3.2 The Executive shall attend and work at any of the places of business of
the Company and/or the Group as determined from time to time by the
Board and shall travel to and work at such places (whether within or
outside the United Kingdom) in the manner and on the occasions required
from time to time by the Board.
3.3 The Board may require the Executive to perform services for any Group
Company wherever situated and without further fees or remuneration and
to enter into any separate agreement(s) with such Group Company for
such purpose and any duties that he may have under this Agreement will
be deemed to extend to such Group Company, provided that this does not
interfere with the proper performance of the Executive's duties as
Commercial Director & Company Secretary of the Company.
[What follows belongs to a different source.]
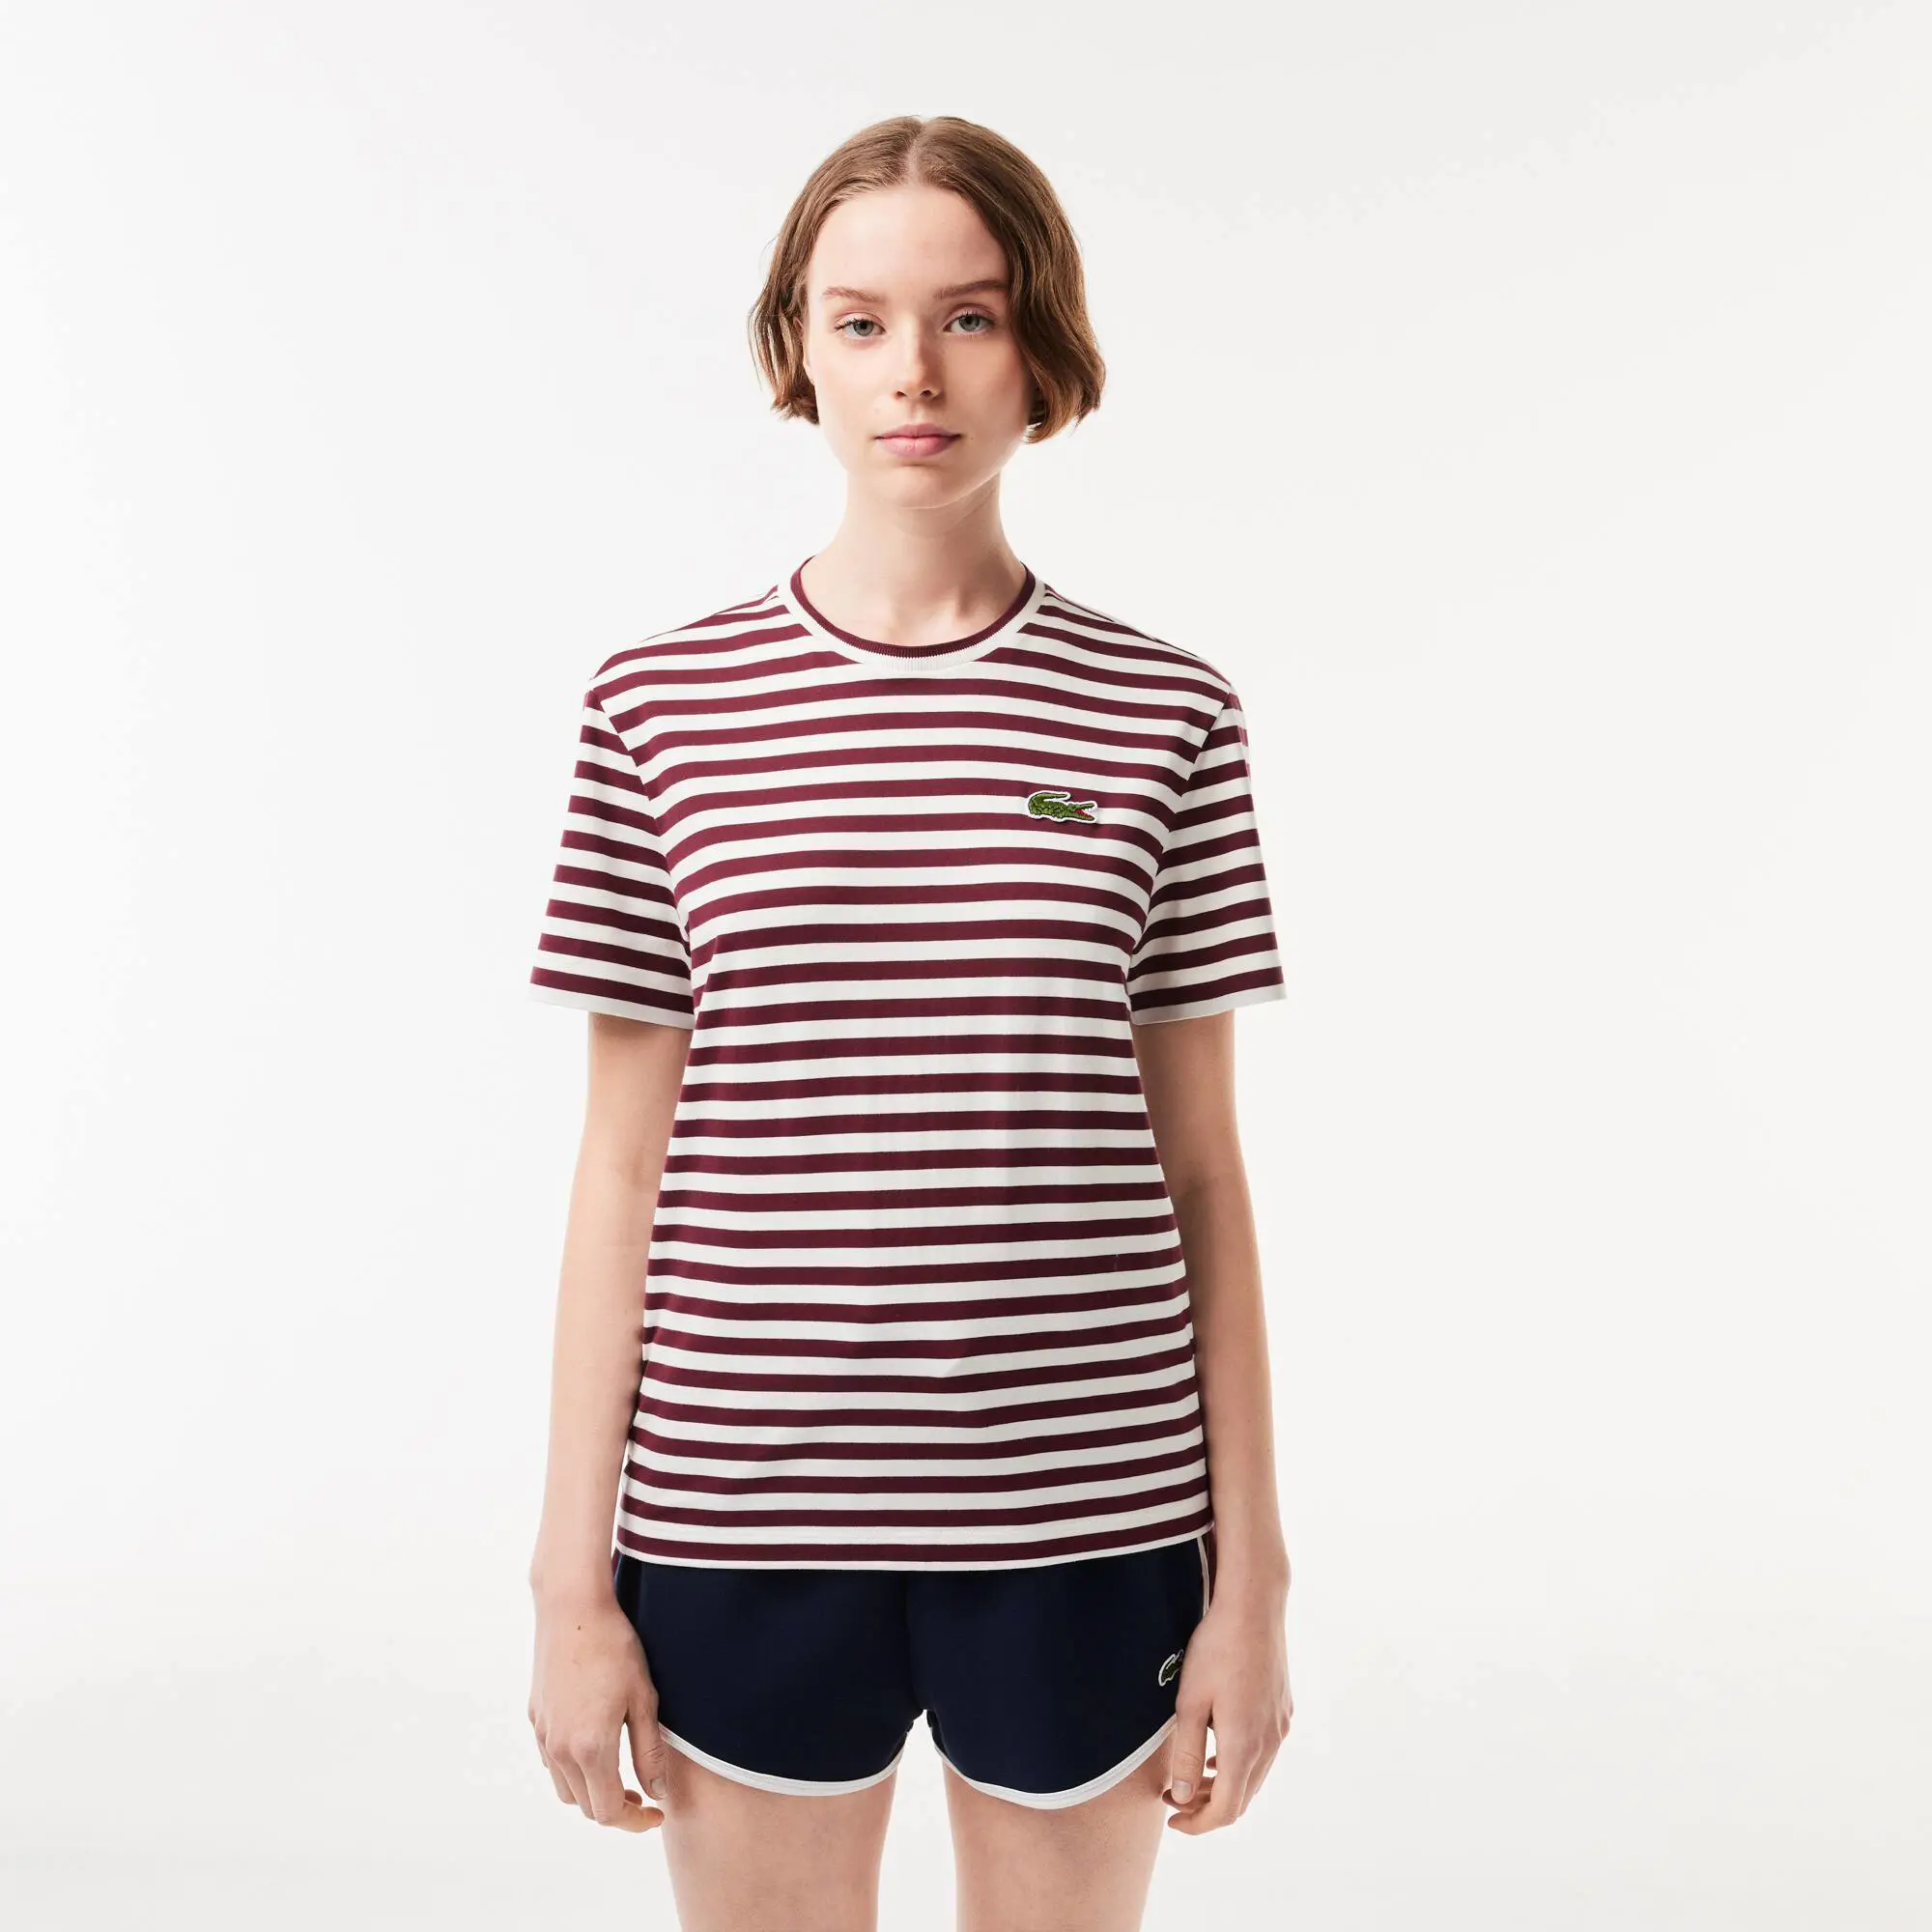 Lacoste Women's Lacoste Loose Fit Striped Cotton Jersey T-Shirt. 1
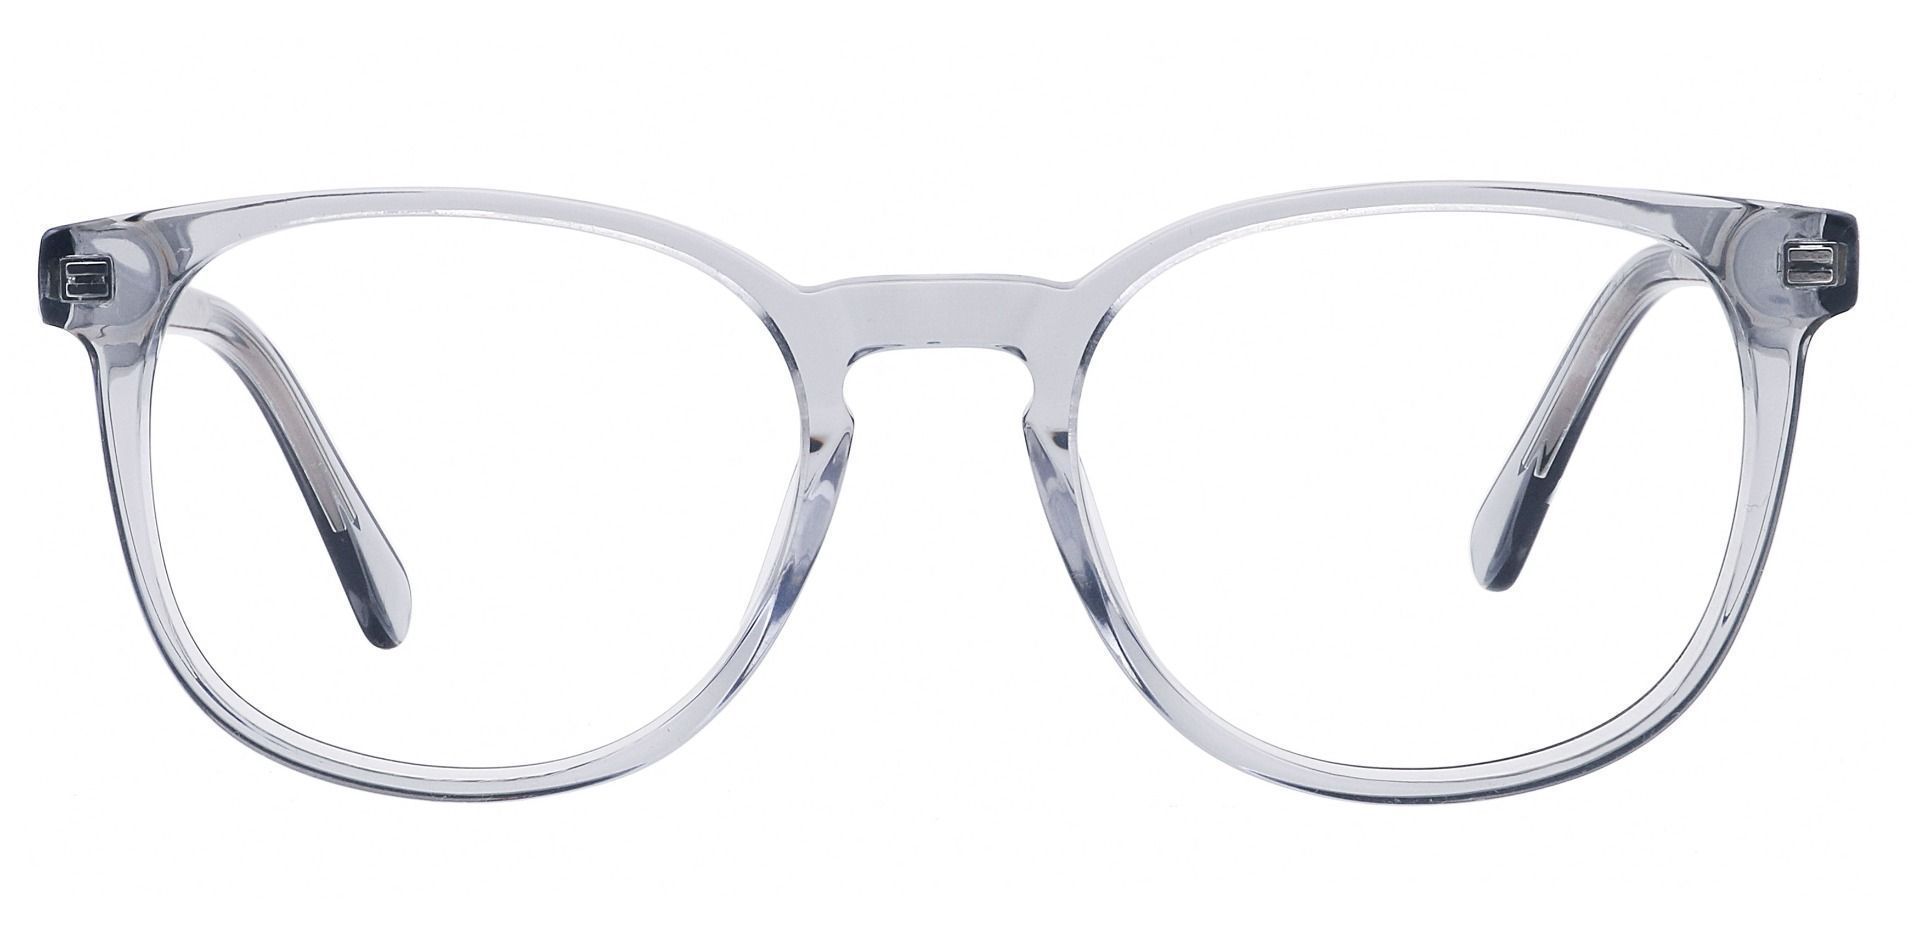 Nebula Round Lined Bifocal Glasses - Gray

3.4 The hours of work of the Executive are not fixed but are the usual
working hours of the Company and such additional hours as may be
necessary to enable him properly to discharge his duties. The Executive
acknowledges that he may be required to work more than forty eight
hours in a week.
3.5 The Company may at any time appoint another person or persons to act
jointly with the Executive in discharging his duties.
3.6 The Executive shall:
(a) at the request and expense of the Company, submit annually to
a medical examination by a medical practitioner nominated by
the Company as part of a health screening programme and for
insurance purposes; and
(b) authorise such medical practitioner to disclose to or discuss
with the Company's medical adviser any matters arising from
such examination; and the Company's medical adviser may notify
the other directors of the Company of any serious matter if,
in his opinion, it might materially and adversely affect the
health of the Executive or the proper discharge of his duties.
4 PAY AND EXPENSES
4.1 The Company shall pay to the Executive for the proper performance of
his duties under this Agreement a fixed salary at the rate of
(pound)70,000 per annum (or such higher rate as the Company may from
time to time notify in writing to the Executive).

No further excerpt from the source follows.